Now we learnt how to interpret the nodes, but it takes time to feel comfortable with the output therefore do not feel disappointed if you find it a bit difficult. Back to the right panel, you can see the predictability statistics. What you need to be aware of is that the graphs and all the charts as well as all the predictability statistics refer to the last level of the validation set. The only exception is the area under ROC statistic (labeled as ROC) and the Gini that is displayed in the predictability stats. These two refer to the fourth level of the training set. I left it as such, because you can see the Gini from the above section that shows the comparison between training and validation.
By focusing on the segments’ node info section, you can see the details for each one of the segments (nodes) of the tree based on the training set. See my table:
Segment_0_0_0 (second from the top in the table) refers to the left most child of the tree that sits in the third level. You can see if you look at the info tab (next column) what each one of these “0” are . E.G. at top level if DISEASE = COPD “|”(this means “and”) INSURANCE=IKA and AGE is between [17-59] (see below) this is segment_0_0_0.
This segment had propensity to churn 0% (third column) but there was only 1 person with this combination (fourth column) which implies that the tree became too specific in that case. You can then go back to the tree (by pressing "Visualize" again) and see if this 0% propensity is verified or is close enough for the validation set and whether you had significantly more people sitting in that segment. The propensity to pay is also the score in the tree process.
The Left panel, similarly with the Scorecard, shows in which segment each one of the observations (data rows) sits, displays their info and their propensity to pay (Predicted_Value) as the latter appears in the right panel for each segment.
The middle panel is exactly the same as in the scorecard output; the only difference here is that instead of scores you have the propensity to pay. You may export the results with the button “Export” that is located and the end of the middle panel. Then you can attach it to your main set via preprocess and Manipulation.
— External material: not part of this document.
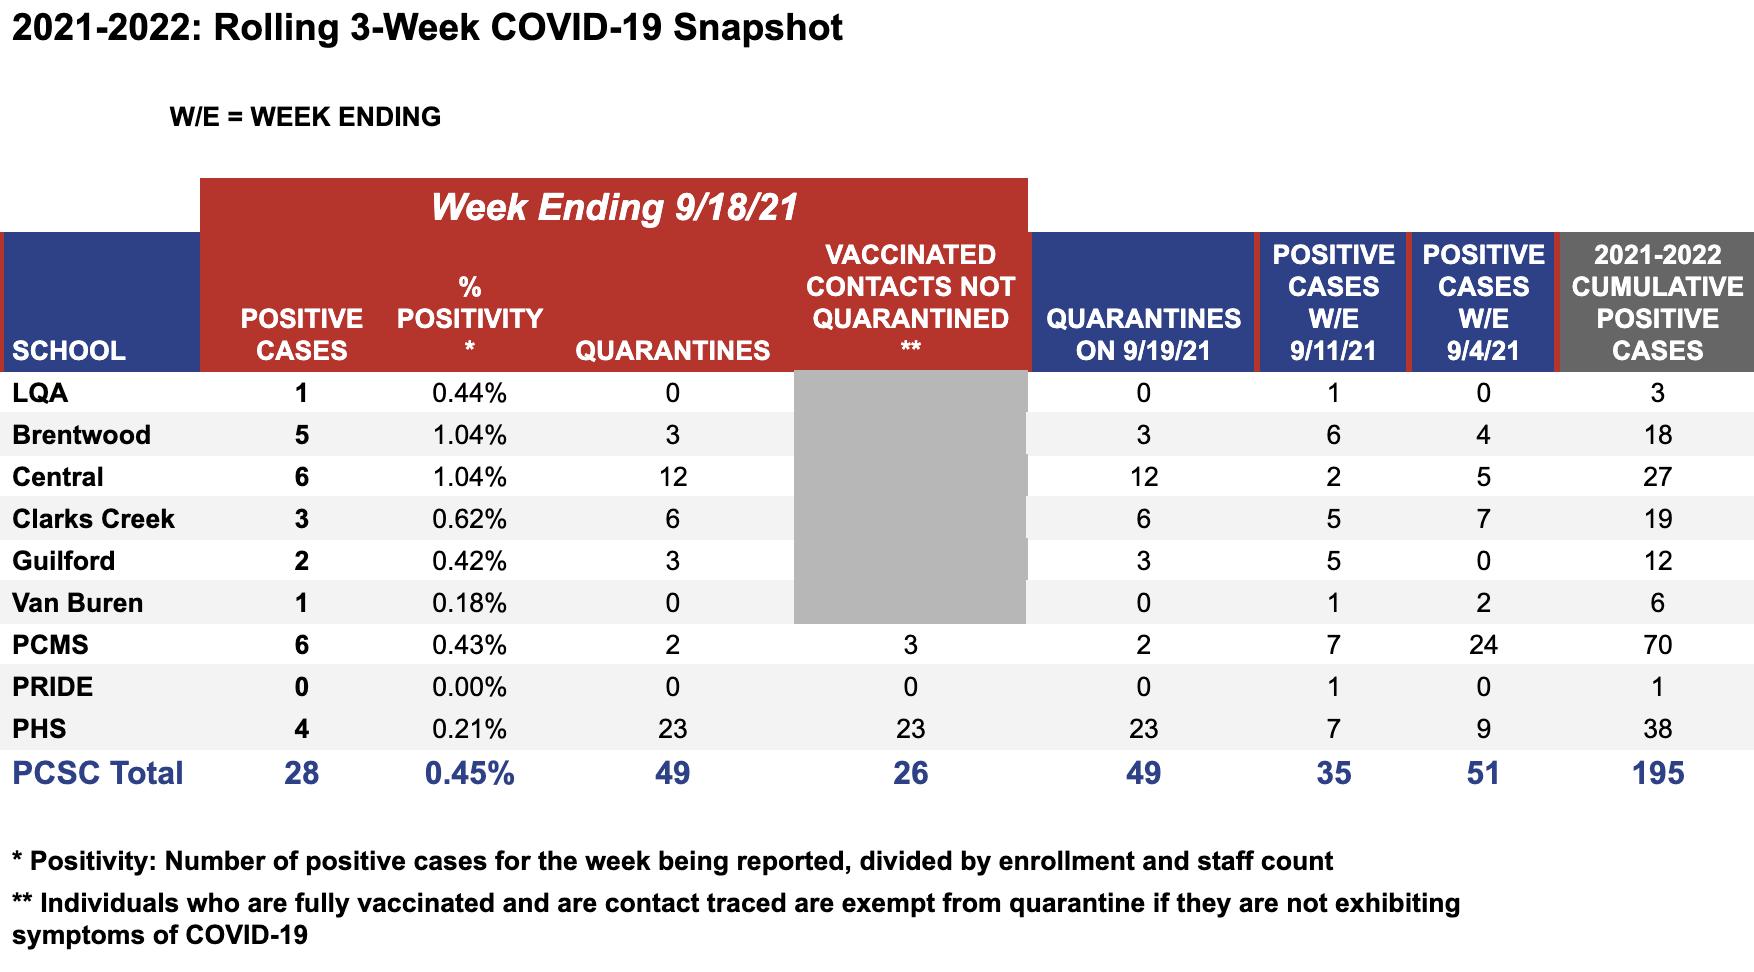 COVID-19 Weekly Snapshot for week ending 9-19-21

Generally, in terms of modeling, my tree was not a very good one as the differences between training and validation set were very substantial. This happened because the set is rather small. Some actions to consider is to increase the minimum split able node size (where we changed the value to 30), decrease the number of bins (e.g from 3 to 2), decrease the number of levels and if the situation has not changed then re-sample (e.g. create new partition variable).
That is the end of tutorial 5. Tutorial 6 will show you how to use cross tabulation and how to create new variables with the M language. This tutorial can be considered as an extra and it is only if you want to dive deeper into kazAnova world, otherwise you have everything you need and feel confident to create your own models and save your business from the economic recession or just have some fun.